_Extracted data_
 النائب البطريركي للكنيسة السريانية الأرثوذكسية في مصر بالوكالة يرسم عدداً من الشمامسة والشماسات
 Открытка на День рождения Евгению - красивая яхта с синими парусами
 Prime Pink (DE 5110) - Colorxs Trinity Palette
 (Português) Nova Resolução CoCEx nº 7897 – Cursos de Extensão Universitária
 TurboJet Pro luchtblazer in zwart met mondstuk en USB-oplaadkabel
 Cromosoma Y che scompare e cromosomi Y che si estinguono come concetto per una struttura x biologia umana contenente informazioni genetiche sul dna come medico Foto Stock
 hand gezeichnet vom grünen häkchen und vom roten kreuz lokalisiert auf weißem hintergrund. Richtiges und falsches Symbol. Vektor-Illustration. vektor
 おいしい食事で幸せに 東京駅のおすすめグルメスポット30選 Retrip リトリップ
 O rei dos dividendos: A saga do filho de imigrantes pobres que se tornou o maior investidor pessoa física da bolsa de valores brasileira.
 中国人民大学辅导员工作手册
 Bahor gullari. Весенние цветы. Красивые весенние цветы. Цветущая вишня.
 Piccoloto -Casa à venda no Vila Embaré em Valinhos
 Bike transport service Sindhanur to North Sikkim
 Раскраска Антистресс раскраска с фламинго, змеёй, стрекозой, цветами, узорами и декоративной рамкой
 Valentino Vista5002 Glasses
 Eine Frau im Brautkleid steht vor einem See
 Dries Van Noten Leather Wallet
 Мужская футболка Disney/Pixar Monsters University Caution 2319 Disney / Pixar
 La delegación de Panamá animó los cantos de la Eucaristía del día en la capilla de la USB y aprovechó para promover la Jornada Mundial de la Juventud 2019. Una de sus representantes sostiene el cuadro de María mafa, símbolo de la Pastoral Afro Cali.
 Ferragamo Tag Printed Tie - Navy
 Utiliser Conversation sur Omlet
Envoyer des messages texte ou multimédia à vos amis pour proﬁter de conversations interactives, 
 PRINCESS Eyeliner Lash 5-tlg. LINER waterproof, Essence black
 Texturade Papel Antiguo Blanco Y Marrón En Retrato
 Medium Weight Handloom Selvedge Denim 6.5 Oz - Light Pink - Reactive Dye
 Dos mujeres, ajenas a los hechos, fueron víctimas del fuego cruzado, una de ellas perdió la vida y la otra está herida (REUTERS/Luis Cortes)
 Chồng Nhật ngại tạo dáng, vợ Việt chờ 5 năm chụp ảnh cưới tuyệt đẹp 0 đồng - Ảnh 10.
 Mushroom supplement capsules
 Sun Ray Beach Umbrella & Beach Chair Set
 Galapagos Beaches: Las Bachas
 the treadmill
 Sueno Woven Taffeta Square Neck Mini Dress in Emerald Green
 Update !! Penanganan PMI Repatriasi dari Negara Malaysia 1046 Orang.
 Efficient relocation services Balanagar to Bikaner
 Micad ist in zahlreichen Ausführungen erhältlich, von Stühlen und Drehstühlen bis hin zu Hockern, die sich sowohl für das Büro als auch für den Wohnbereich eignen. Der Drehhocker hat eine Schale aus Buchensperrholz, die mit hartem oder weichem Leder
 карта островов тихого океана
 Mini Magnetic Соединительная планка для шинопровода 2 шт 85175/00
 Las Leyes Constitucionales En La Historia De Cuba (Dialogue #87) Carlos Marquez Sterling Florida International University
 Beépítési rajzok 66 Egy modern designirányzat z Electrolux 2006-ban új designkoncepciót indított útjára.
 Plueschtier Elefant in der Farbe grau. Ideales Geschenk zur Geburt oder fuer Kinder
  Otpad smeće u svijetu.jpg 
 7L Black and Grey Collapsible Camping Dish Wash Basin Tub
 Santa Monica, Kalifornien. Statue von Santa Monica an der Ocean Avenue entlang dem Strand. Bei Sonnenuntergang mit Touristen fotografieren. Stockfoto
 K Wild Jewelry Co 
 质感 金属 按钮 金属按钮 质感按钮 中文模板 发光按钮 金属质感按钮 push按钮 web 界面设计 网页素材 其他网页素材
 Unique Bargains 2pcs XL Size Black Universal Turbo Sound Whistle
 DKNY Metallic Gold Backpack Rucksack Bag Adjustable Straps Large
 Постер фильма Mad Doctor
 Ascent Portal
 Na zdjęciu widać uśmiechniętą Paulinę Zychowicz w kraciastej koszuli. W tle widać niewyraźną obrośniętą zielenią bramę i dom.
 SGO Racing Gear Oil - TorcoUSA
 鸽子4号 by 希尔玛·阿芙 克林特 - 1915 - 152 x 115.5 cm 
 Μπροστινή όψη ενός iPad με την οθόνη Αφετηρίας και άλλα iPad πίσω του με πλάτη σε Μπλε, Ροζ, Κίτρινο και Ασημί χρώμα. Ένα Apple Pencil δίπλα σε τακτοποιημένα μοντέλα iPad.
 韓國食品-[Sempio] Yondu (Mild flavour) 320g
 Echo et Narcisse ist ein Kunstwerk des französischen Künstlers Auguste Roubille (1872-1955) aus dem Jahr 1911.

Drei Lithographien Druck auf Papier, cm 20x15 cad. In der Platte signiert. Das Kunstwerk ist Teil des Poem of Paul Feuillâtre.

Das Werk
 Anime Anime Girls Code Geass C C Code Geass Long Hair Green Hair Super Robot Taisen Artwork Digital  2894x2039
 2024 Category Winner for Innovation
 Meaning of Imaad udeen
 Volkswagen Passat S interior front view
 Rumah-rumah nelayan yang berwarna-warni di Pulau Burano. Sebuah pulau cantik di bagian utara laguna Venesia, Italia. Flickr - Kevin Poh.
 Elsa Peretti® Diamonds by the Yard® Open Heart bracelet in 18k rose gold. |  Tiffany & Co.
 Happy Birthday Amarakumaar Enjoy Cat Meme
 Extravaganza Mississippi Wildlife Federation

_The problem_
Which lines above include the word "Mini"? Pick them out and copy them.

_Task answer_
 Sueno Woven Taffeta Square Neck Mini Dress in Emerald Green
 Mini Magnetic Соединительная планка для шинопровода 2 шт 85175/00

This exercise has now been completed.